Given the records underneath, please repeat exactly the lines from the line with "収まるあえてに対処するHolika Holika ホリカホリカ" through the line with "SAT, Ministerialprotokoller, klokkerbøker", passing over any picture.

RECORDED INFORMATION:
********
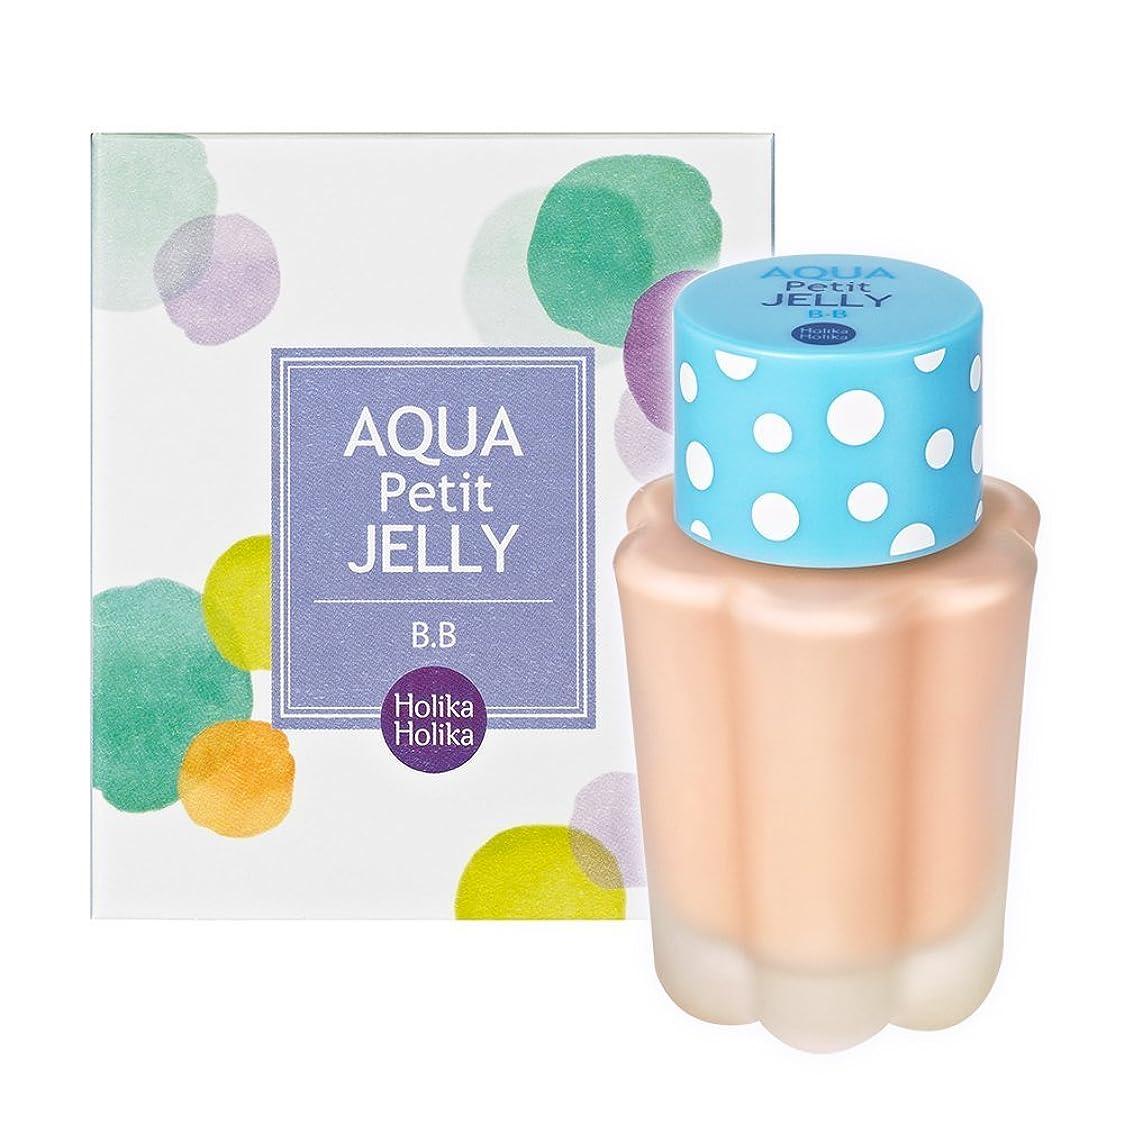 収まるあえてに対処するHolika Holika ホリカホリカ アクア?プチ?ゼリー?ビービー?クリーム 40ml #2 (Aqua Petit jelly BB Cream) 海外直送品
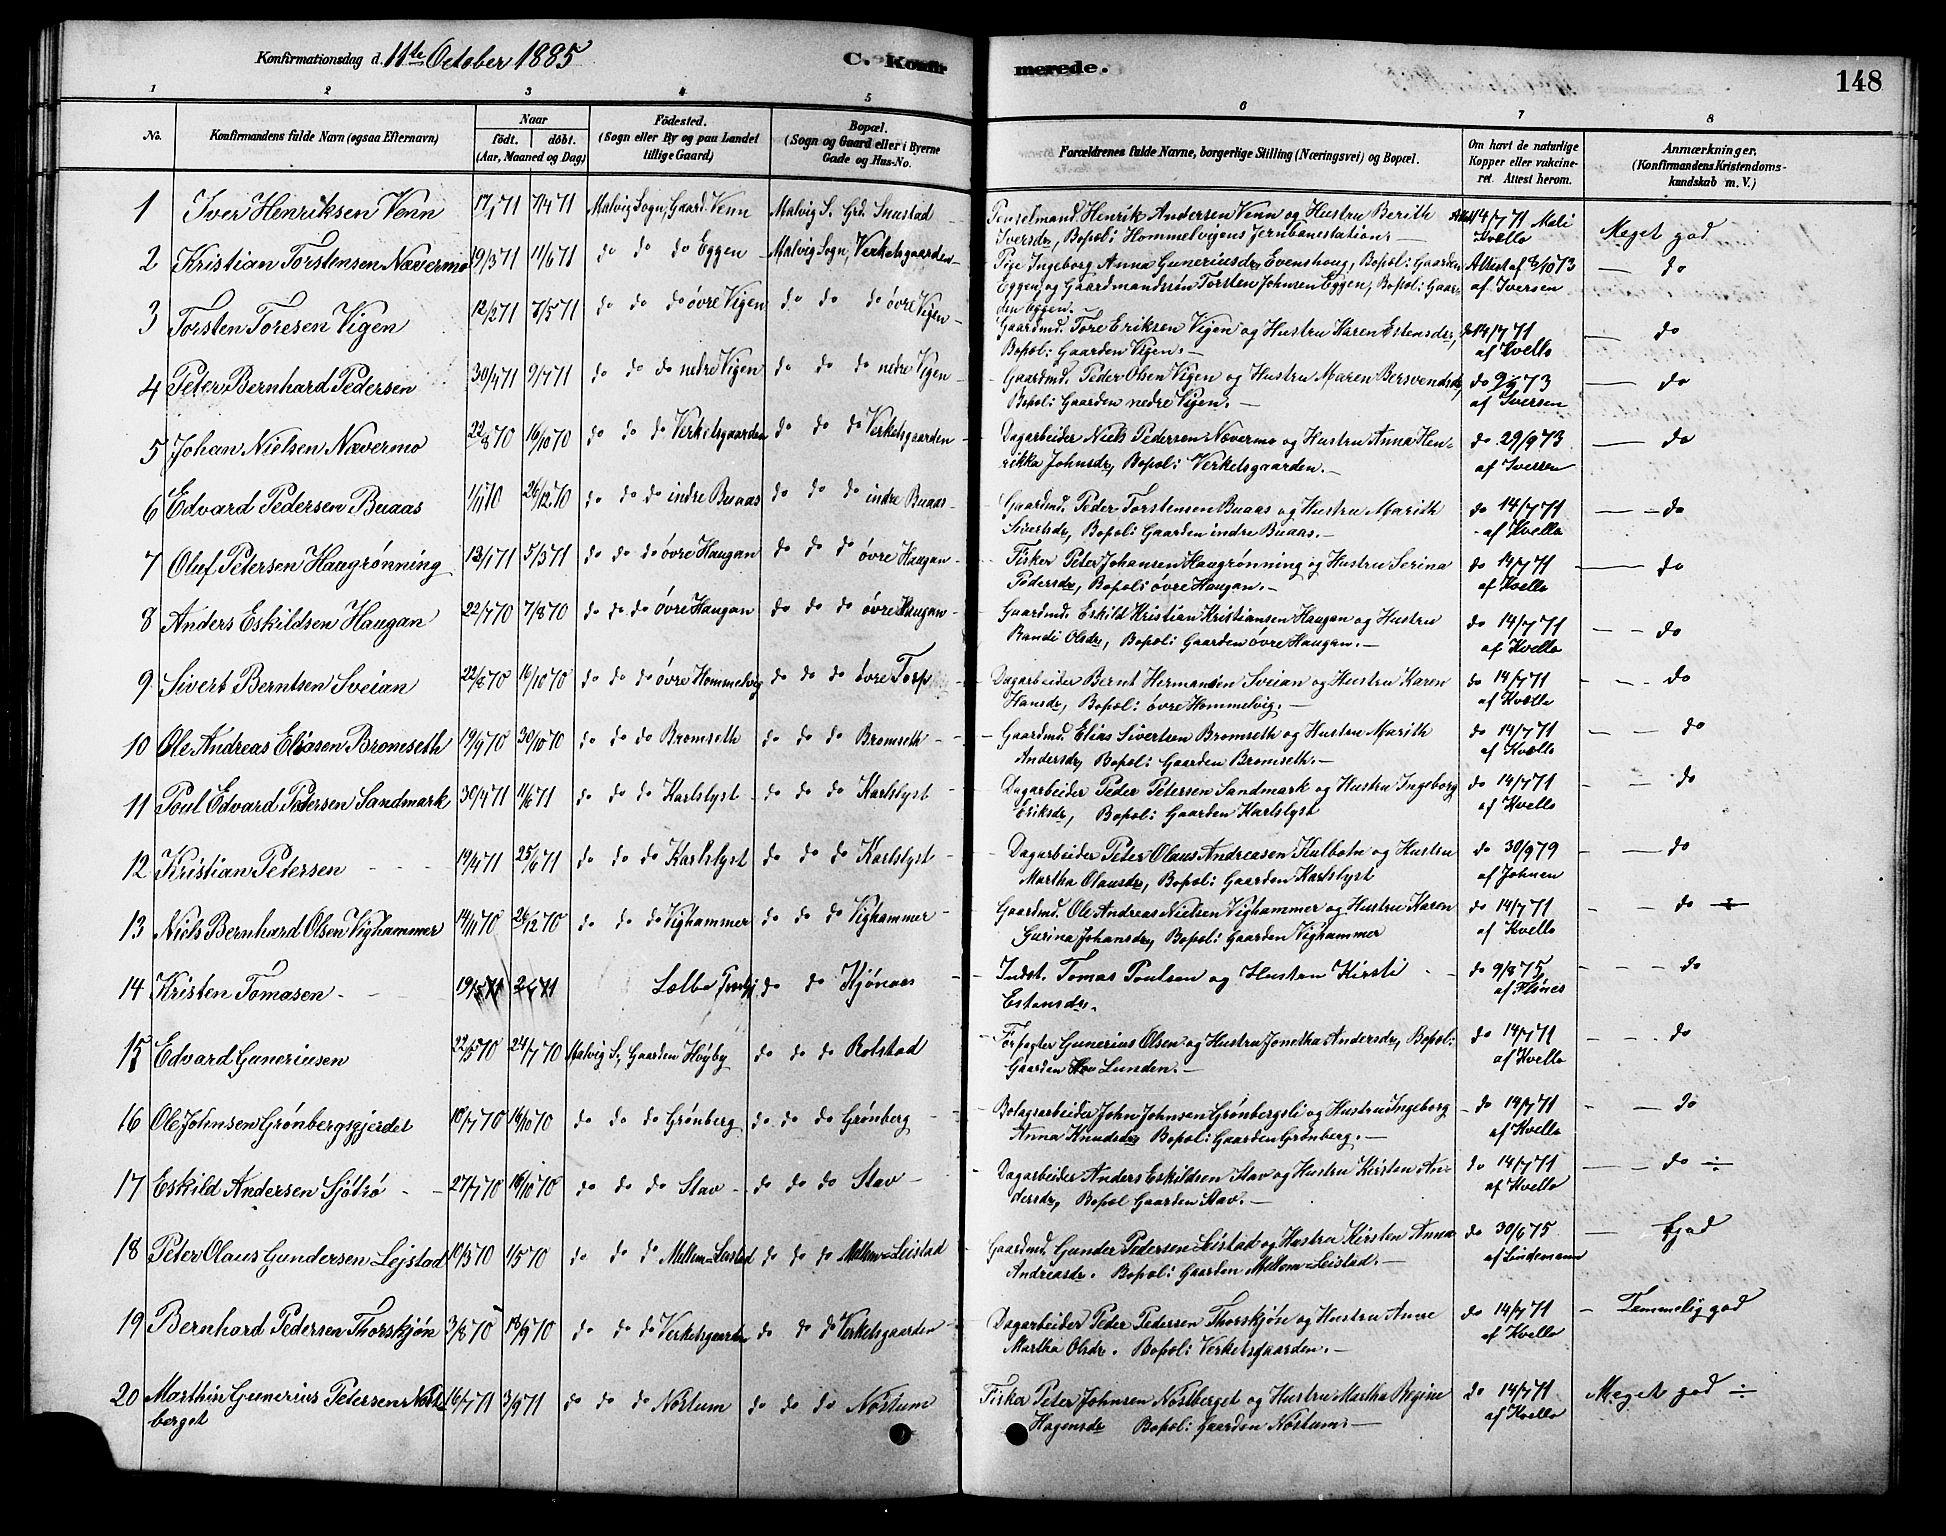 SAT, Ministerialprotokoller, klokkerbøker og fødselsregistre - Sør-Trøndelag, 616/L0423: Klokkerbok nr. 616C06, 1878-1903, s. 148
********
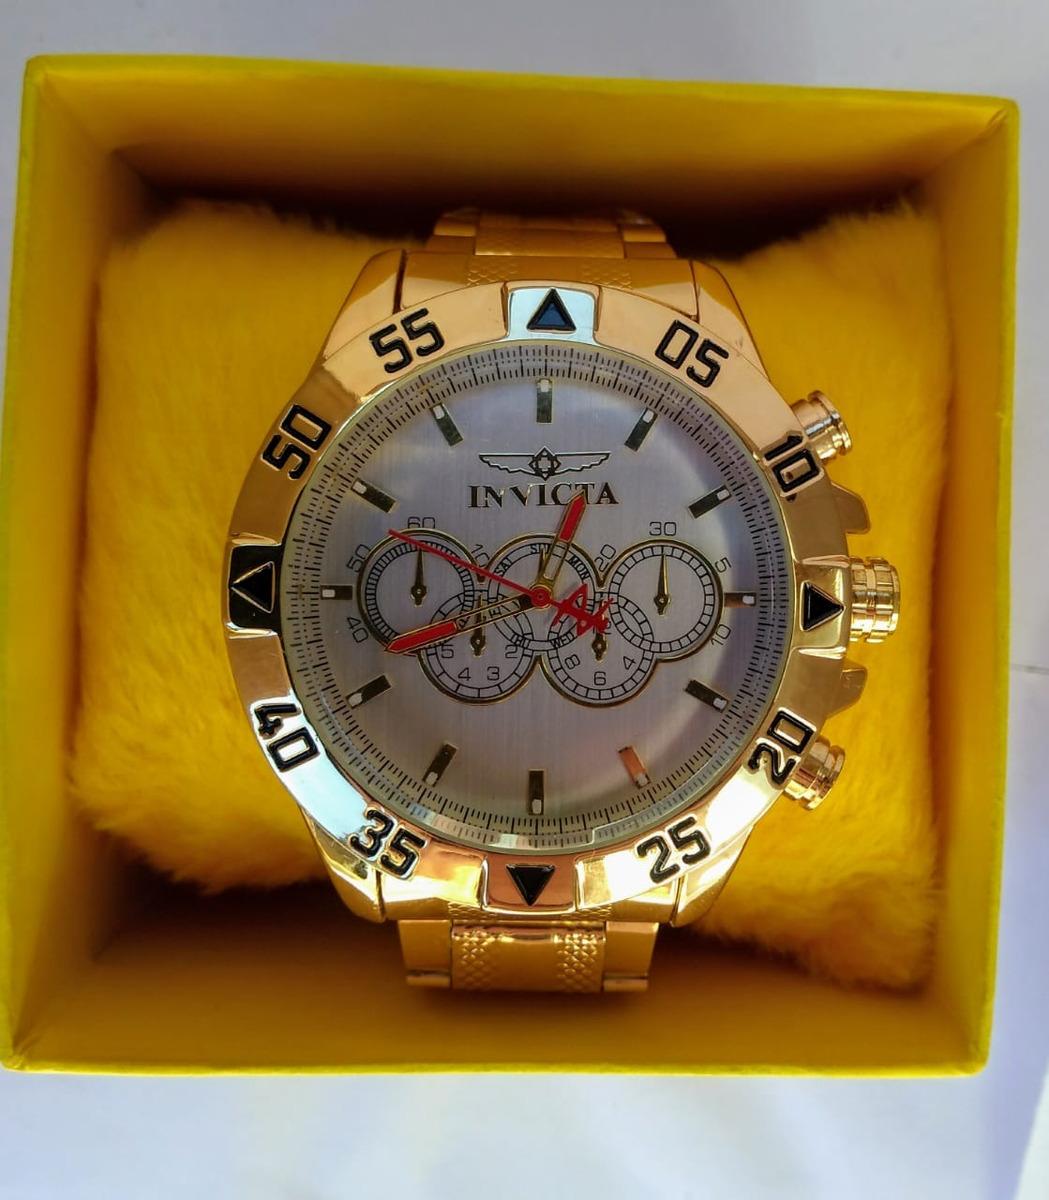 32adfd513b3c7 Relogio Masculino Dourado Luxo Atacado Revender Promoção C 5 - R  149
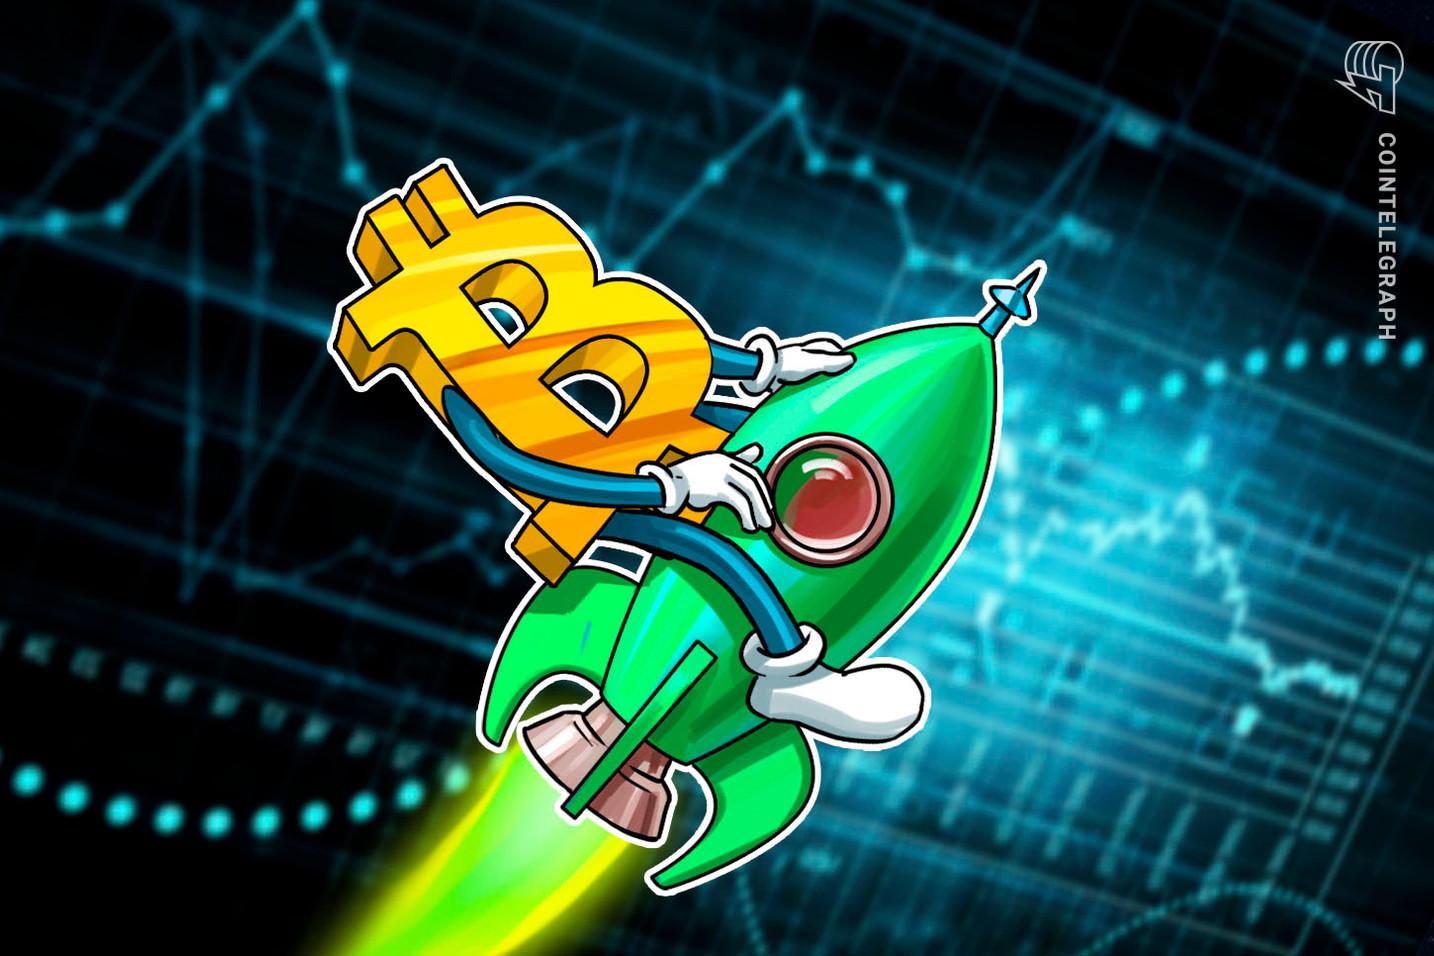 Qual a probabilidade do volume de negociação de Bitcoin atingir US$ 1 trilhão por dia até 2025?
********
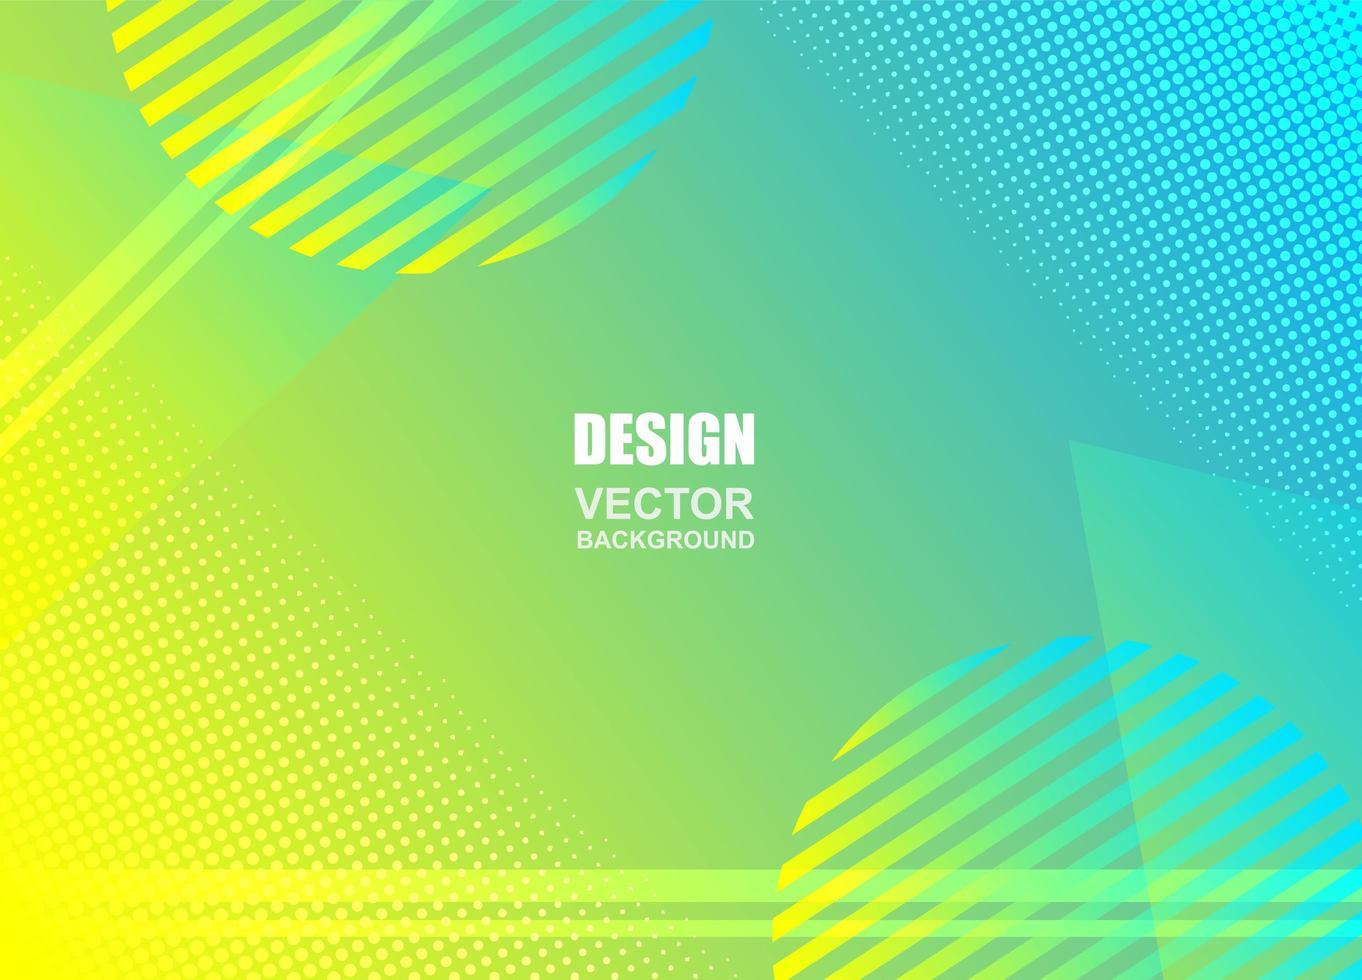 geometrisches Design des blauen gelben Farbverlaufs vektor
********
TASK SOLUTION:
 収まるあえてに対処するHolika Holika ホリカホリカ アクア?プチ?ゼリー?ビービー?クリーム 40ml #2 (Aqua Petit jelly BB Cream) 海外直送品
 SAT, Ministerialprotokoller, klokkerbøker og fødselsregistre - Sør-Trøndelag, 616/L0423: Klokkerbok nr. 616C06, 1878-1903, s. 148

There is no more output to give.